ABU DHABI // David Barral, Al Dhafra’s summer signing, may not be the best-known expatriate to join the Arabian Gulf League this season, but he arrives from one of the world’s elite leagues.
The Spaniard was in the books of Real Madrid for years before spells at Sporting Gijon, Turkish club Orduspor and Levante before his arrival at Abu Dhabi’s Western Region club.
“I wasn’t really disappointed that I didn’t get to play in the first team at Real Madrid,” Barral, 32, said via a translator after a training session on a muggy summer evening.
“They have a lot of good players, so I have no complaints that I didn’t win a place in the first team. However, the experience and the opportunity were great.”
Barral, 32, grew up playing street football in Cadiz, an ancient port city in south-west Spain.

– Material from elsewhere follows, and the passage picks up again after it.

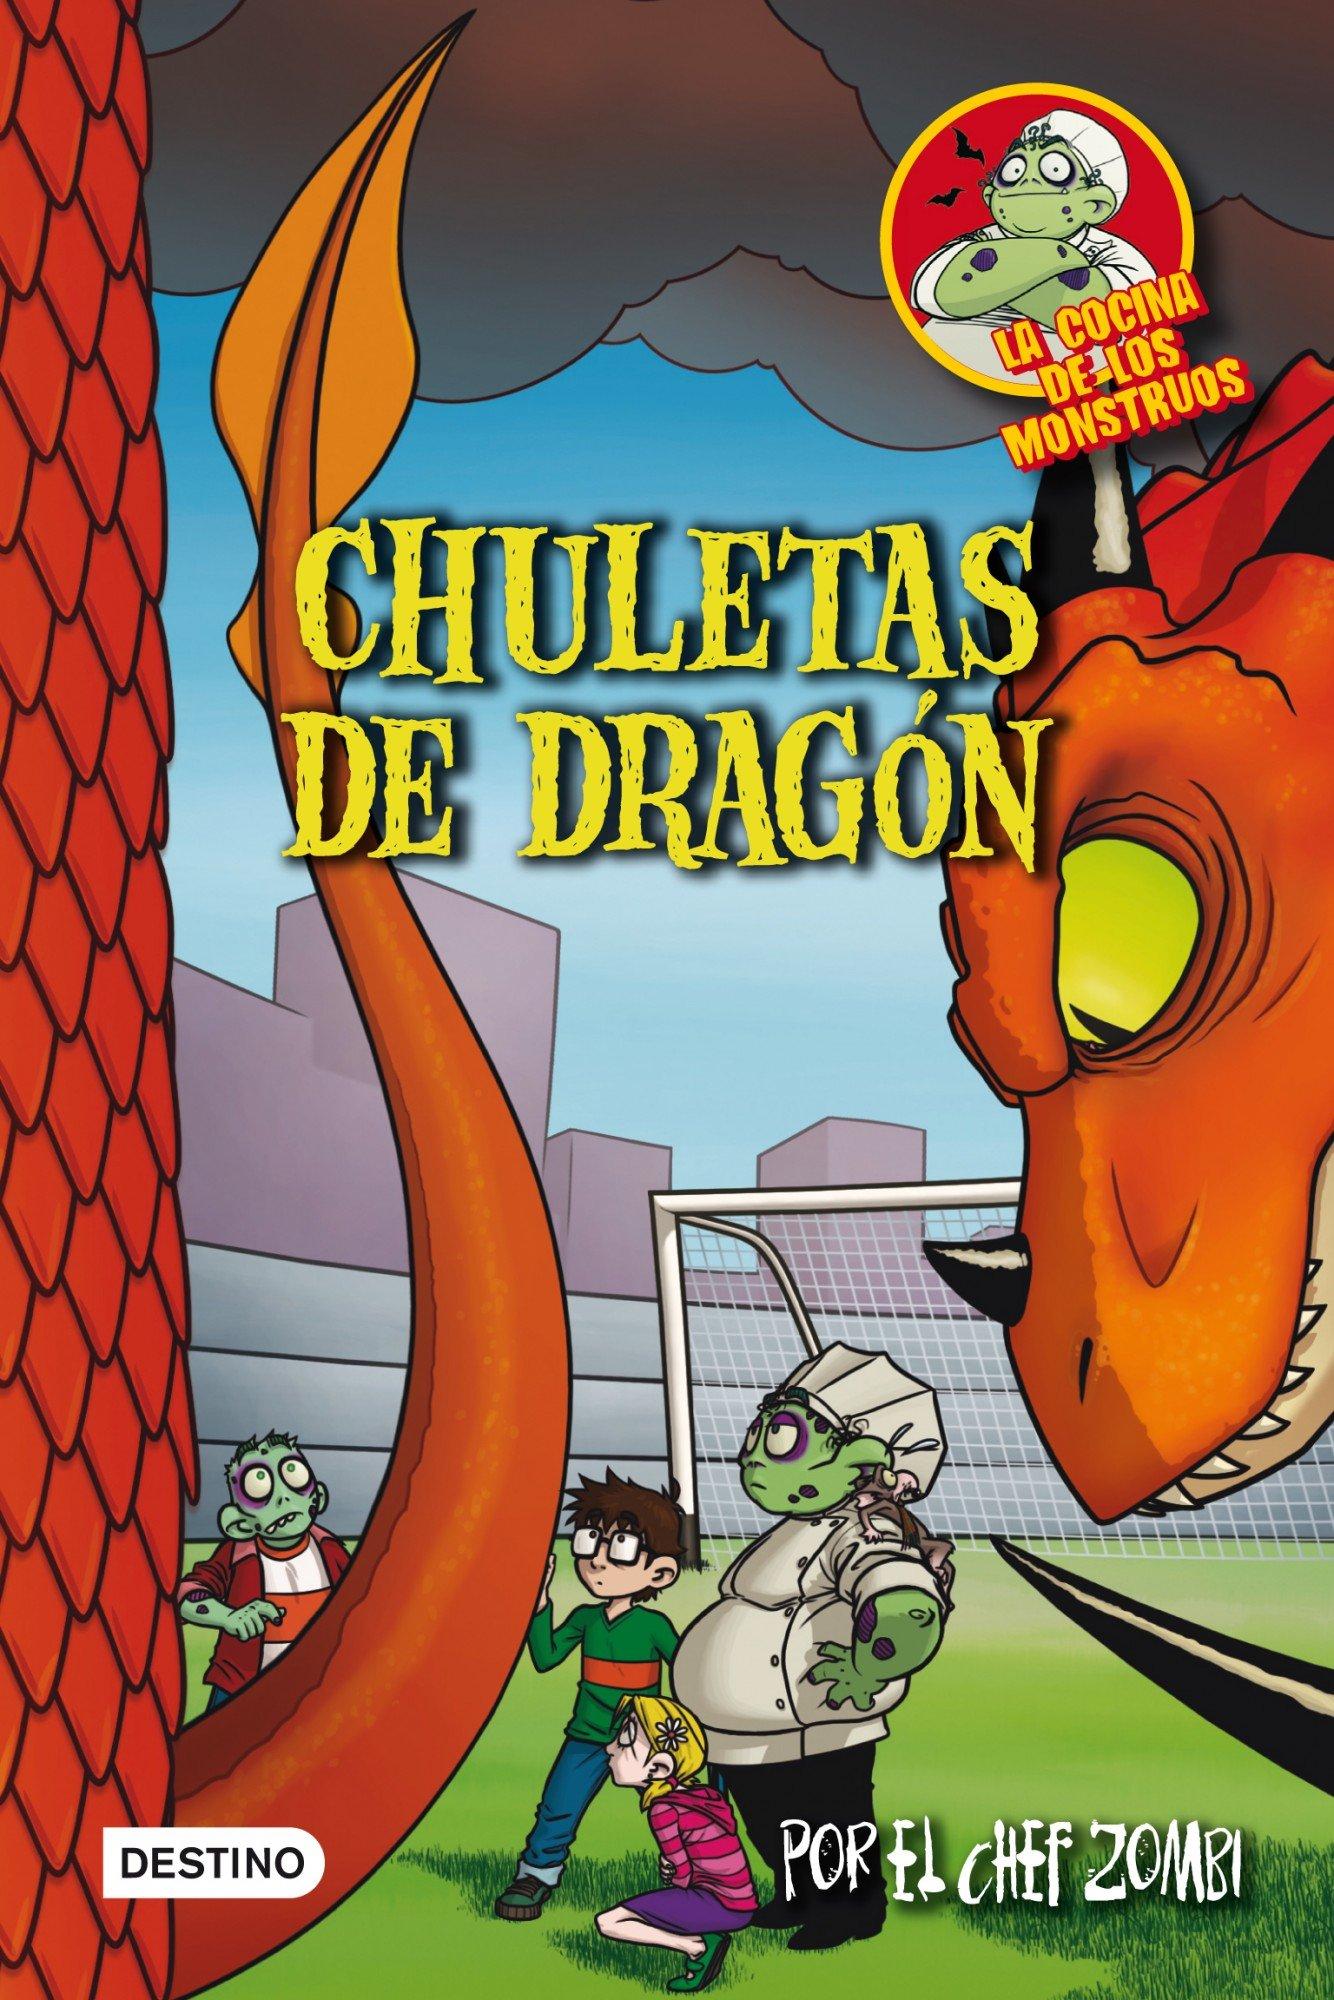 La cocina de los monstruos 7. Chuletas de dragón (Cocina Monstruos)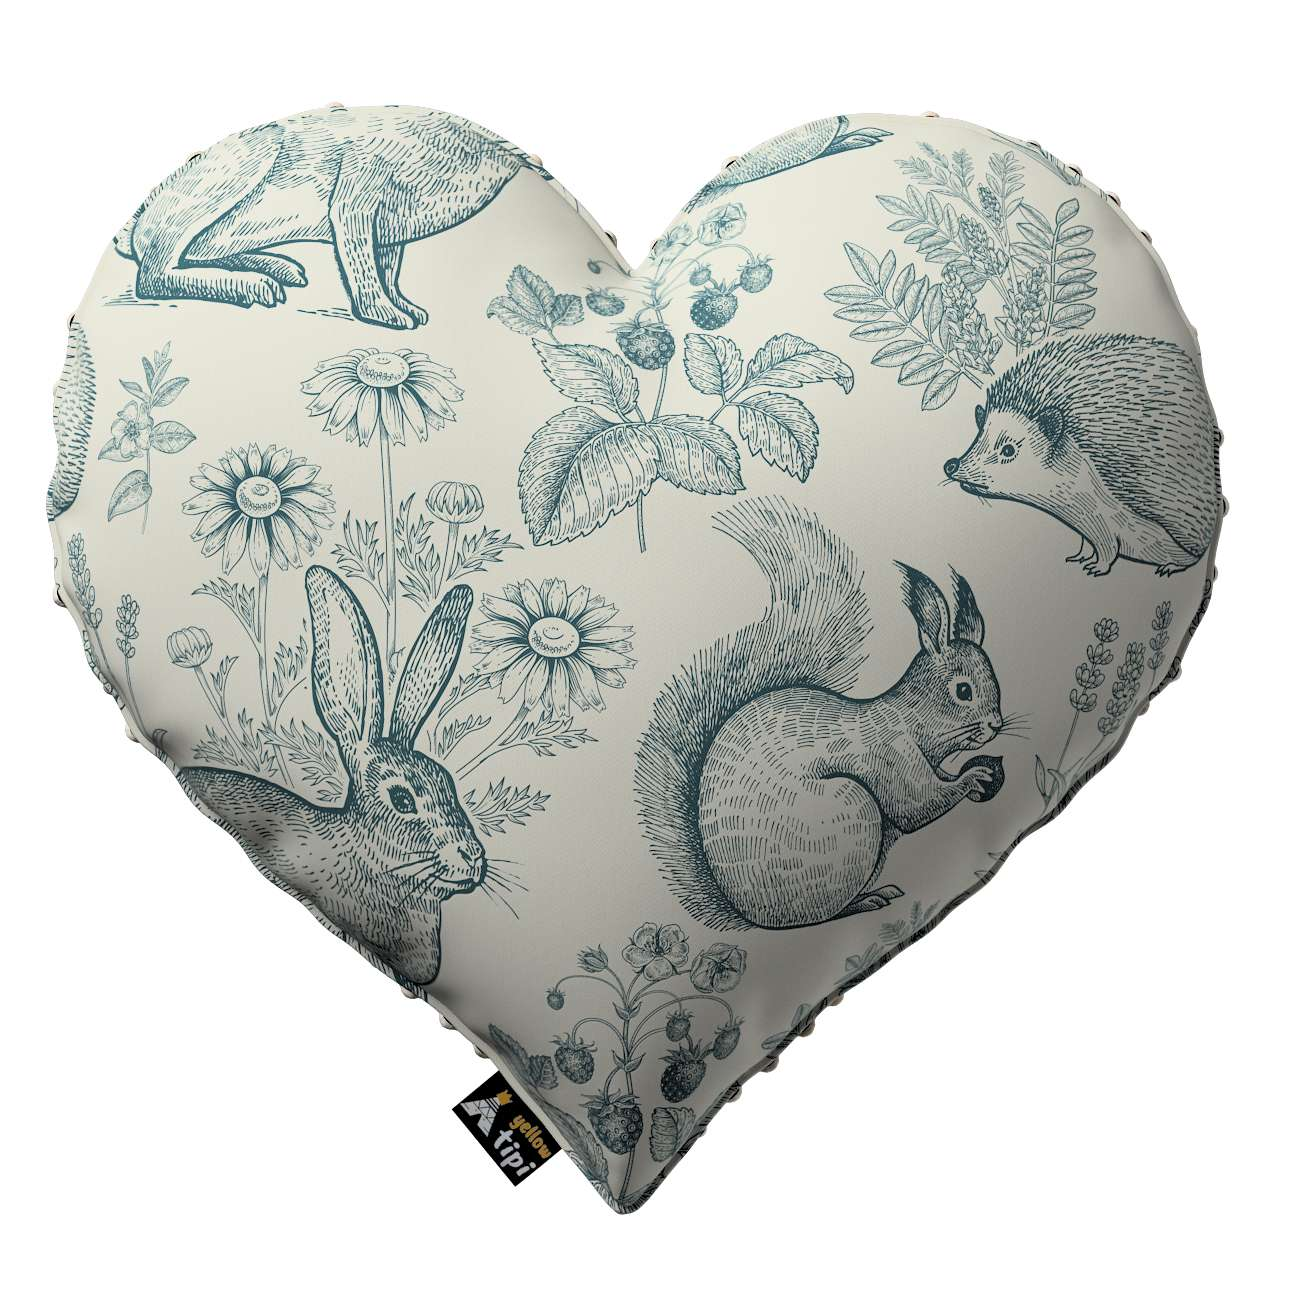 Kissen Heart of Love aus Minky von der Kollektion Magic Collection, Stoff: 500-04

He spent his youth career at San Fernando in his home town from 1999 to 2002 and was spotted by Real Madrid scouts in a local competition.
He made his move to the Bernabeu in 2002, where he played for Madrid’s C and B teams for four seasons, and in between he spent a year on loan at neighbouring Fuenlabrada.
“Signing for Dhafra is a new experience,” he said when asked if his career in Spain had reached a crisis.
“I had a few offers to stay in Spain and one each from Qatar and Mexico, but I decided on Dhafra after some research and having spoken to some of my Spanish colleagues who were involved in UAE football.
“The level of the football looked pretty good to me with some well-known foreign names, and considering the quality of life in the country. So, both combined, I thought I’ll have a go at it.”
Barral is known for a sense of humour on and off the pitch, but with the language barrier, it has not emerged that he has caught the attention of his new dressing room colleagues.
“He seems to be the jovial type, but we really haven’t spent much time to know the inside-out of him as a person,” said Abdulsalam Jumaa, Dhafra’s veteran midfielder and captain.
Barral said he was getting along well with his new colleagues with the little English he can speak.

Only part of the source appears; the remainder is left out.